Buy Now, Pay Later
Urban Crossroads #35

                 Houses in Amman. (Jumana Bississo)

                Houses in Amman. (Jumana Bississo)

"Buy Now, Pay Later" is a recipe for a life of debt. However, it often is the only way through which many people are able to own a home. Only a few people have the financial ability to buy a home with a single payment. Some have to wait to inherit a house or inherit the money that would enable them to buy one. Some only can buy a house if they are lucky enough to have well-off parents who can help them out.

What many people end up doing instead is renting the homes in which they live. In fact, this is one of the reasons why various jurisdictions at one time or another instated rent-control laws, which keep the rent a tenant pays unchanged over the years. This is what had happened in Jordan. The problem with such laws is that they unfairly require a few citizens to heavily subsidize the housing needs of others, even though this is a responsibility that society as a whole should shoulder. Because of rent-control laws, rents in Jordan for numerous properties often remained unchanged for decades, thus creating considerable structural imbalances in the real-estate market and discouraging various forms of investment in it. Only now are these rent control laws being phased out, and market forces should completely rule the housing market by 2010.

Instead of trying to keep rents low, which is what rent-control laws inefficiently attempt to accomplish, a better solution would be to achieve high levels of home ownership. High levels of home ownership traditionally have been closely connected to a country's prosperity, and also to its economic, political, and social stability. Securing ownership of a home means that a household has one less thing to worry about in the daily grind, and it is safe to state that those who own their homes have a bigger stake in a country's wealth and wellbeing than those who do not.

The most effective method of increasing levels of home ownership is through encouraging the availability of long-term mortgages. Accordingly, one would make a down payment for a house, which usually amounts to a small percentage (5 - 10%) of the price of the house, and pay the remaining amount as fixed monthly payments distributed over a relatively long period of time (usually somewhere between 15 and 30 years) through a long-term loan set at a certain interest rate. Instead of paying rent, which only secures housing for the period covered by the rental payment, and which will go up (in a free market system) as property values increase, one makes mortgage payments, which are fixed and eventually provide full ownership of the house. With each payment made, one owns a bigger percentage of the house.

The system of mortgage payments as we know it now for the most part came into being during the second half of the nineteenth century. We often forget the tremendously strong impact that the advent of home mortgage arrangements will have on a given society. Such mortgages have allowed for the mass transformation of tenants into homeowners, thus strengthening the relation that people have with the places in which they live.

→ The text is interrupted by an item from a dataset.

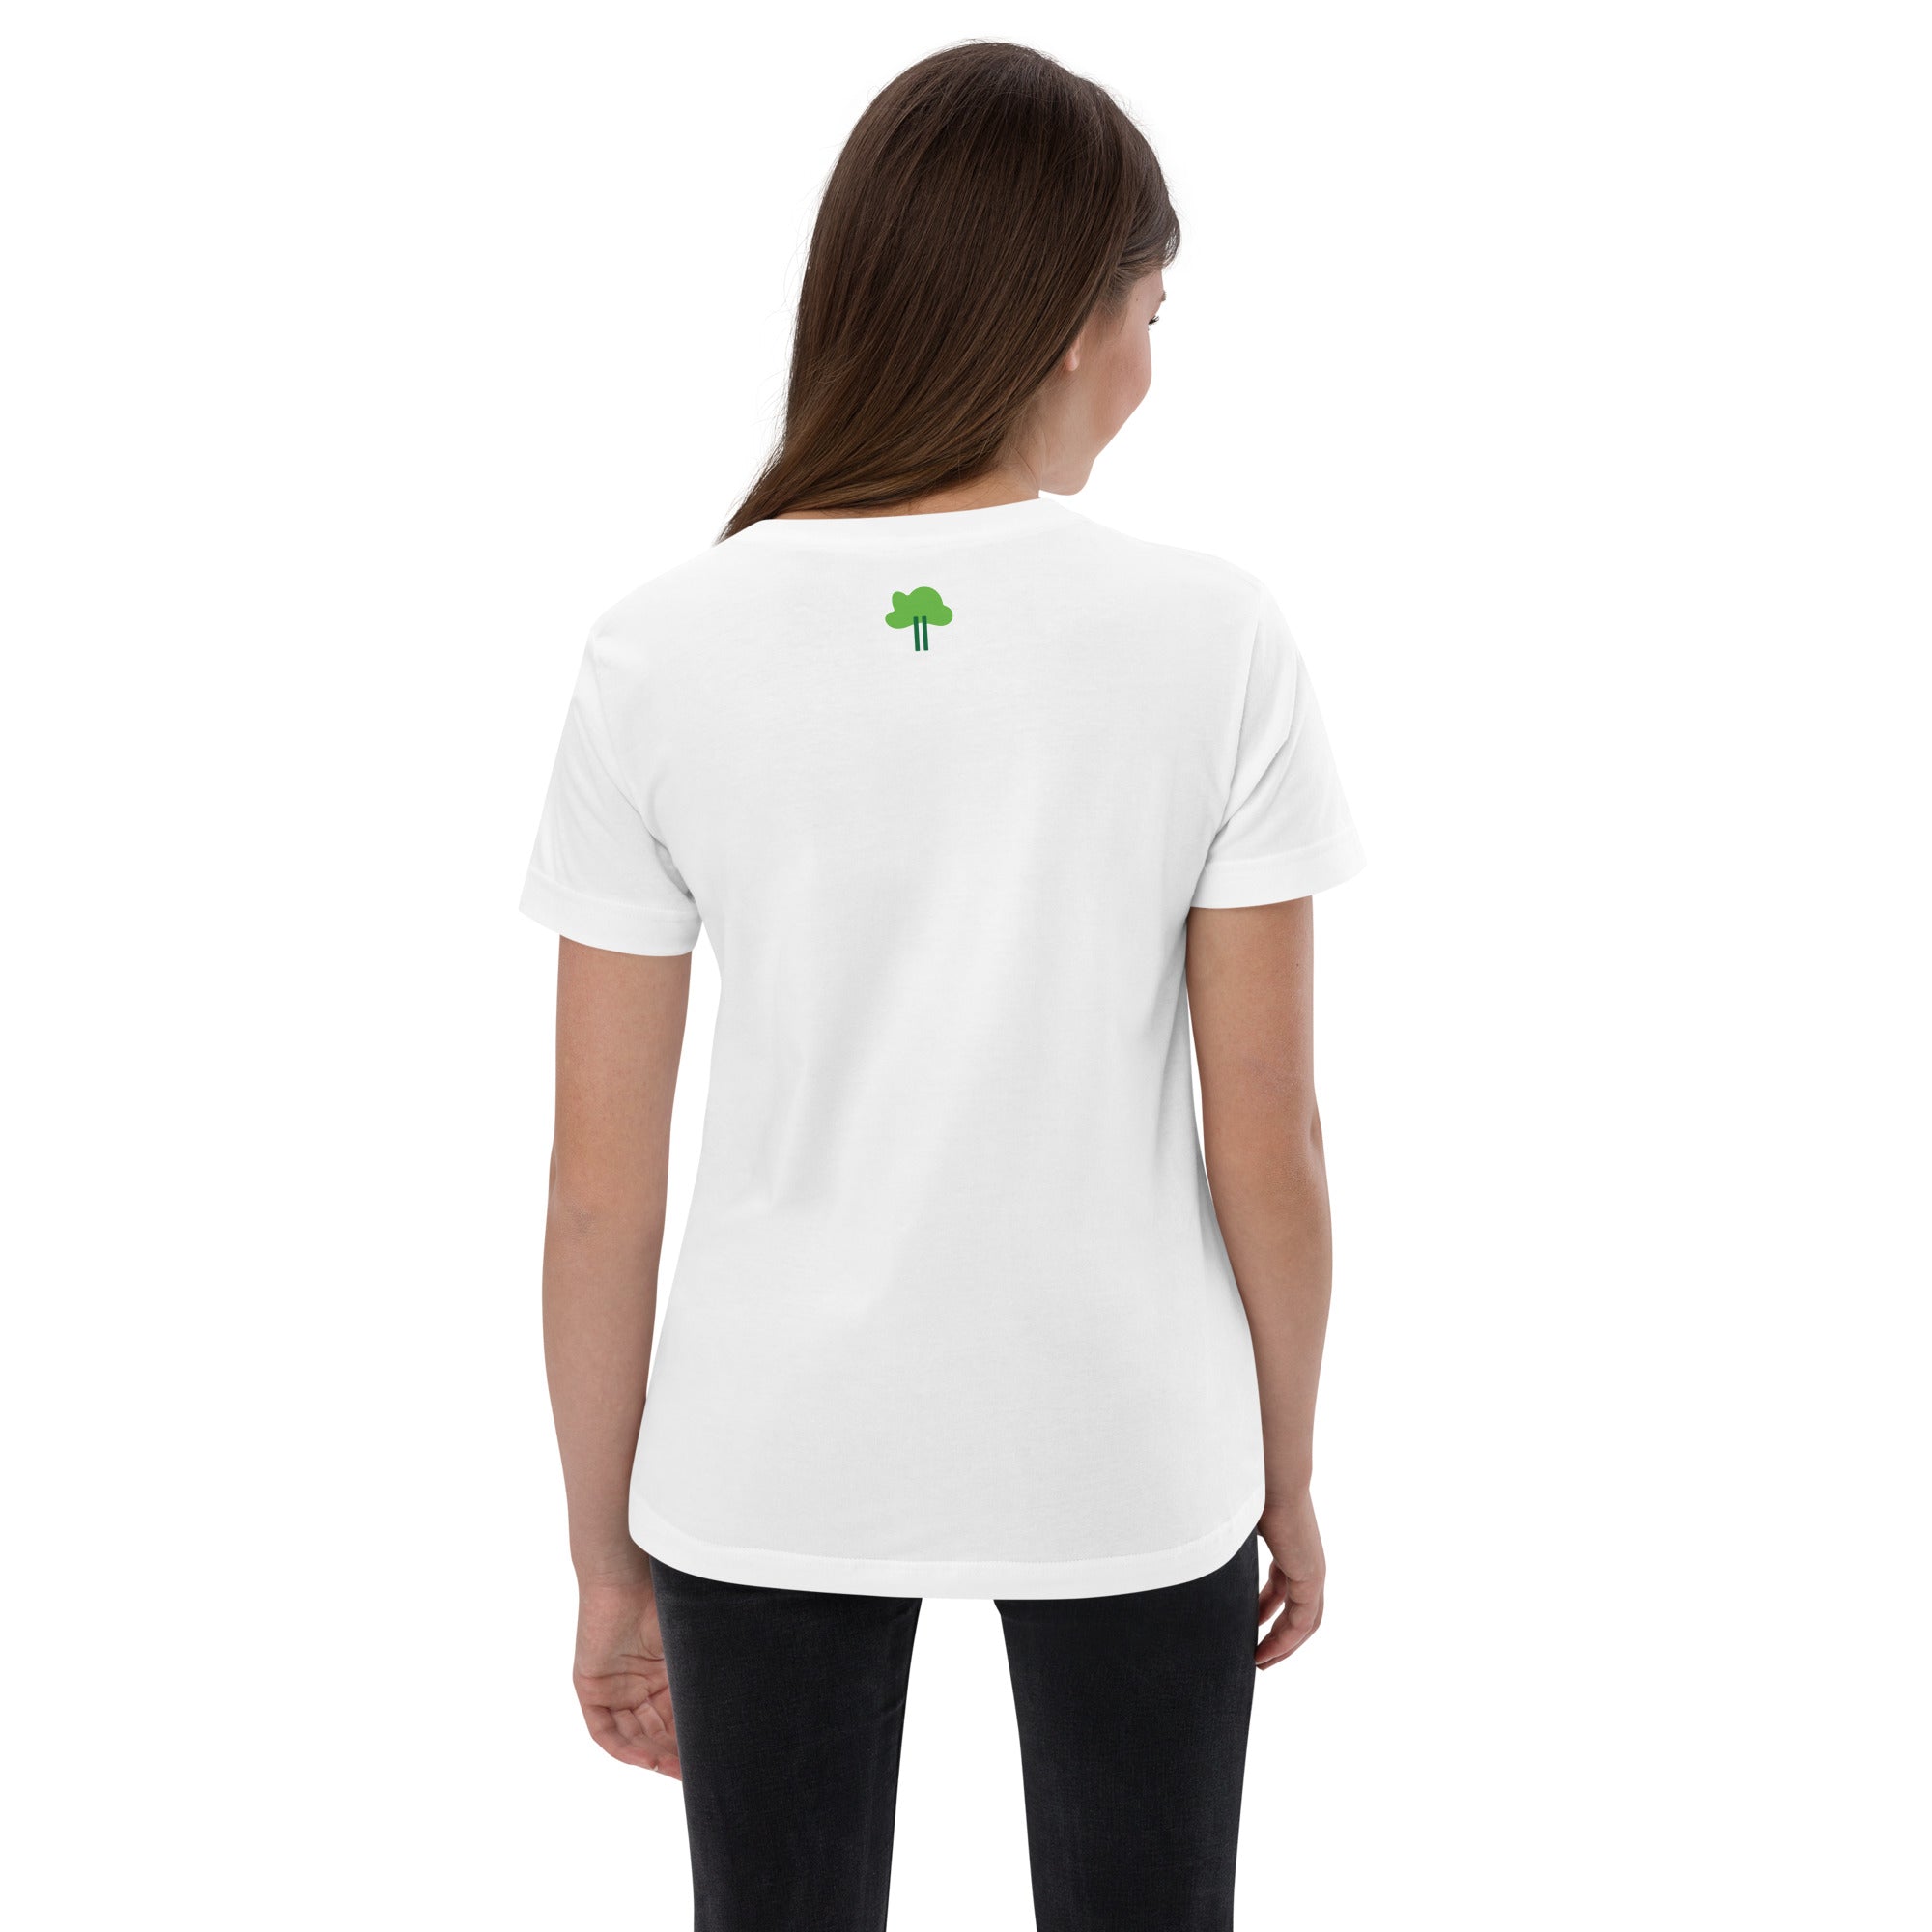 I Temp - Sabana - K14 | Youth jersey t-shirt
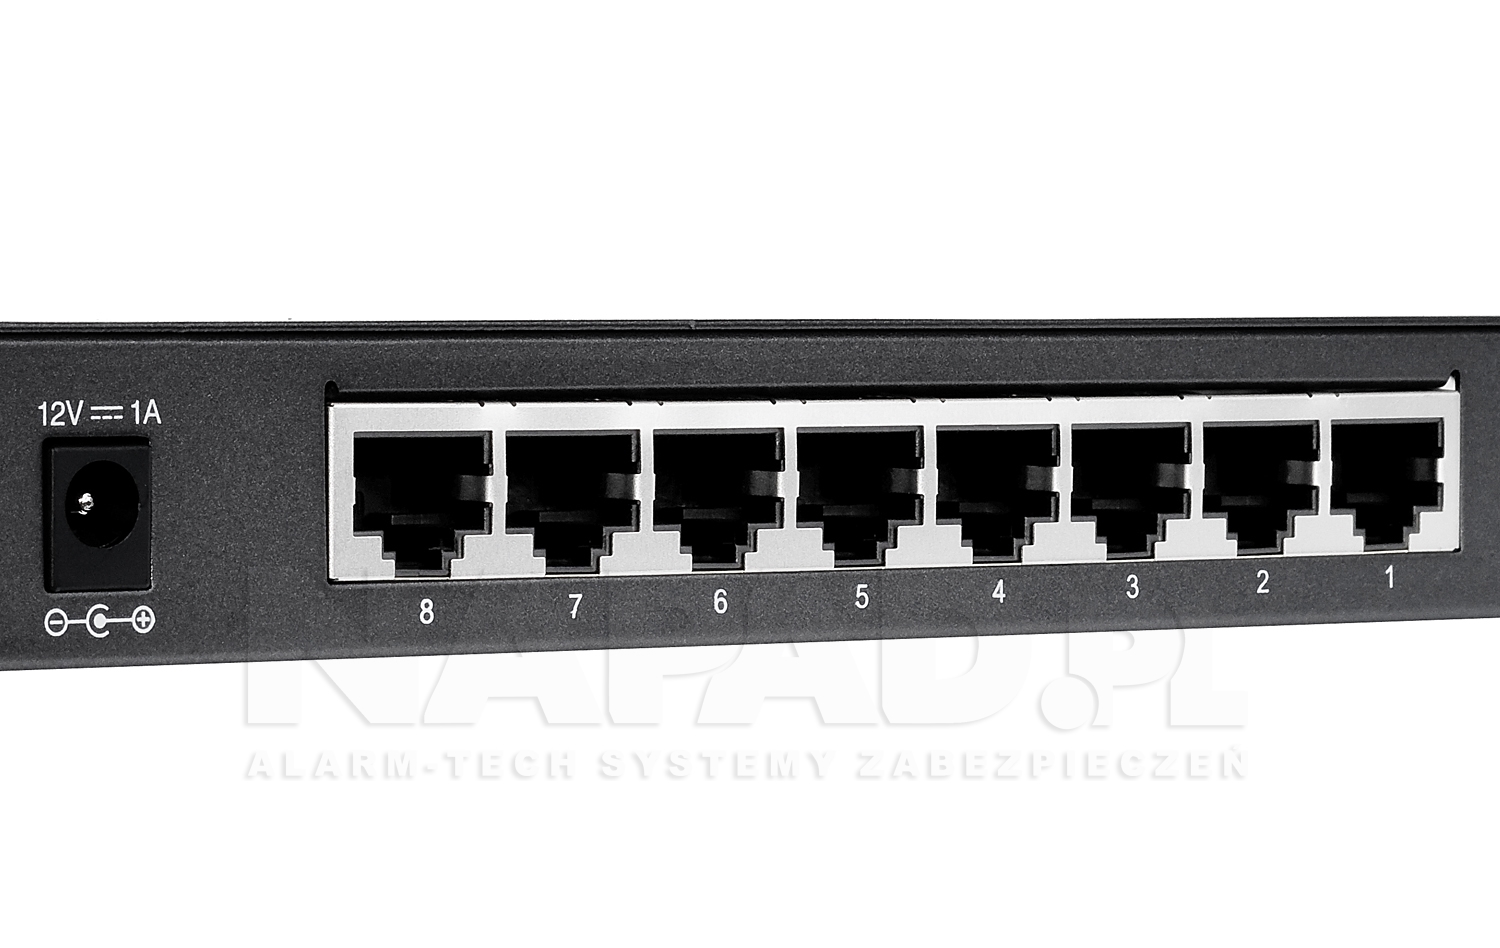 TL-SG2008 - Porty Ethernet w przełączniku.

In Jordan, the public sector has for some time provided long-term loans for a few low-income groups to help them secure home ownership. Private banks, however, were very reluctant to offer long-term loans. In a region marked by political and economic instability, such reservations are understandable. Fortunately, over the past five years or so, a more positive outlook had come to define lending policies in Jordan's banking system. A higher level of confidence in the country's long-term economic, financial, and political stability had been building up. As a result, the country's banks began offering housing loans for periods of 15 years and longer, thus making long-term housing loans available to a wider segment of the population. The fact that interest rates in Jordan have been relatively low over the past few years also has encouraged prospective homebuyers to apply for those loans. All this has brought about a boom in the purchase of housing units (specially apartments) in Jordan over the past few years. More people are switching from spending their housing money on rent to obtaining mortgages that allow them to secure full ownership of the houses in which they live.

The sums spent on housing needs usually account for somewhere between a 25 and 35% of the total expenses of a household. In certain areas where housing costs are especially high, housing-related expenses can take up 40 and even 50% of a household's overall expenses. In either case, housing most often is the single most expensive cost item that a household has to address. We in Jordan should do all we can to facilitate realizing the option for people to direct this sizable housing expense into owning a house through long-term mortgages instead of paying it as rent. If one is to go into debt, it might as well be to secure a roof over one's head.